Genome Grantees Discuss Minority Participation in Research
By Geoff Spencer
Holding to a commitment developed at an April 2000 meeting, the National Human Genome Research Institute recently held a workshop to help extramural grantees increase the number of underrepresented minorities participating in genomics and ethical, legal, and social implications (ELSI) research.
The program "Strategies for Increasing the Number of Underrepresented Minorities Participating in Genomics Research," included representatives from academic institutions and professional societies who have had success in creating programs that train minorities for careers in biomedical research. NHGRI staff members also attended to exchange information with grantees and offer them support.
"NHGRI has not been successful in the past recruiting minorities," said Dr. Francis Collins, director of NHGRI. "The very nature of genomics and ELSI research demands inclusion and diverse points of view.
"We want the best and brightest from all the groups of the world," he continued. "We must knock down the barriers and make the field of genomics a welcome one."
Collins charged the participants to work together to develop creative opportunities and training programs at their institutions to make the field of genomics a diverse one.
Dr. Cliff Poodry, director of the Minority Opportunities in Research Office at NIGMS, said there are many untapped recruiting opportunities for connecting with the pool of minority students from majority and minority institutions.
"Currently, a reasonable goal is to have 10 percent minority participation on any [training] grant," said Poodry. "This is reasonable because in biology and chemistry, minorities represent 12.5 percent of bachelor degrees." According to Poodry, these students are not pursuing medicine but entering graduate school.
Completion rates for minority students in Ph.D. programs are currently only 6 percent nationally. However, one-half of the minority students entering graduate school do not complete their doctoral studies. If there was a way to retain these students, the number of minorities completing their doctoral studies would immediately double, predicted Poodry.
One way of tapping the pool of minority students, he suggested, is to "start speaking to faculty at undergraduate institutions to recruit students for graduate school.

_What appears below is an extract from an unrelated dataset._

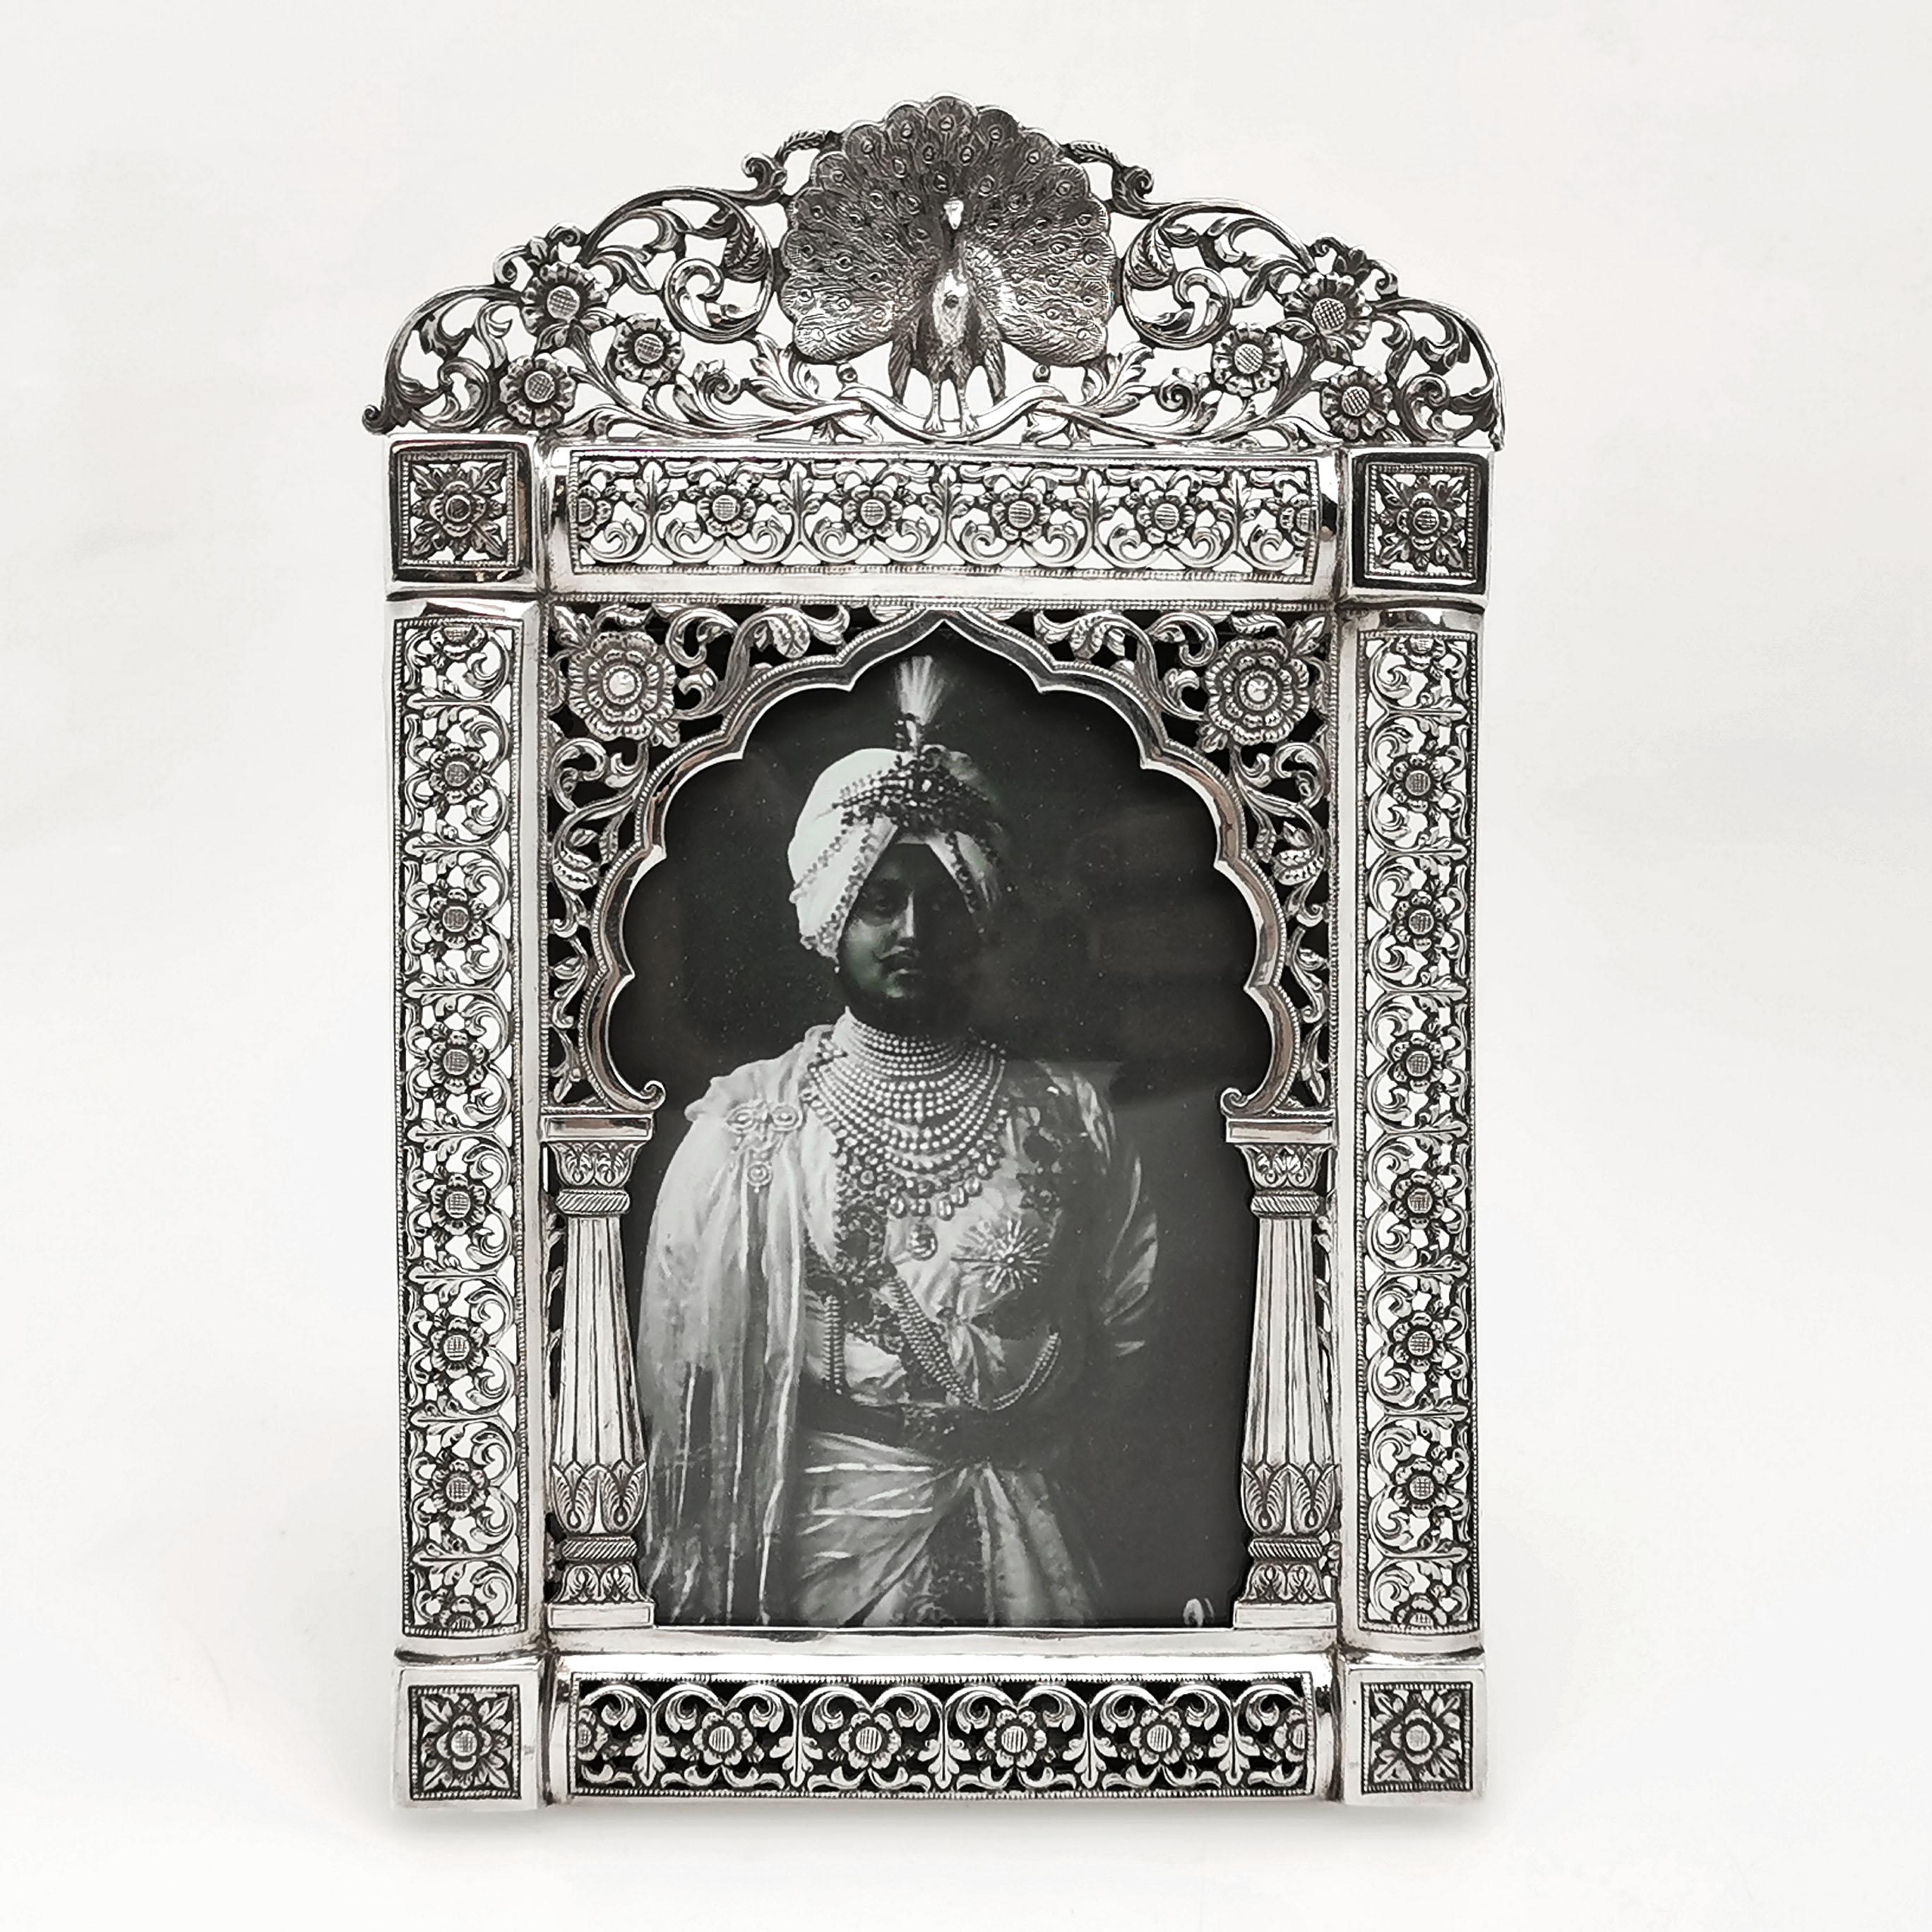 A beautiful antique Indian silver photograph frame. This picture frame is embellished with a delicate chased and pierced design showing stylised flowers and topped with a peacock.

Made in Bhuj Kutch, India in circa 1880 by Oomersee

"You have to show them the excitement of the future," he said, "and their faculty must be sure that these kids are going to be taken care of by a grant and that they'll have exciting opportunities."
Poodry encouraged attendance at scientific meetings that cater to minority students such as the Society for Chicano and Native Americans in Science and the annual Biomedical Research Conference for Minority Students. "These meetings are a wonderful way to make a human connection with the students," he said. "Offer to speak at these meetings or their universities to excite them about the future of science and how they can contribute. Go look at their posters and get them excited talking about their science. I want kids of all groups to be a part of this. It can be done. No excuses!"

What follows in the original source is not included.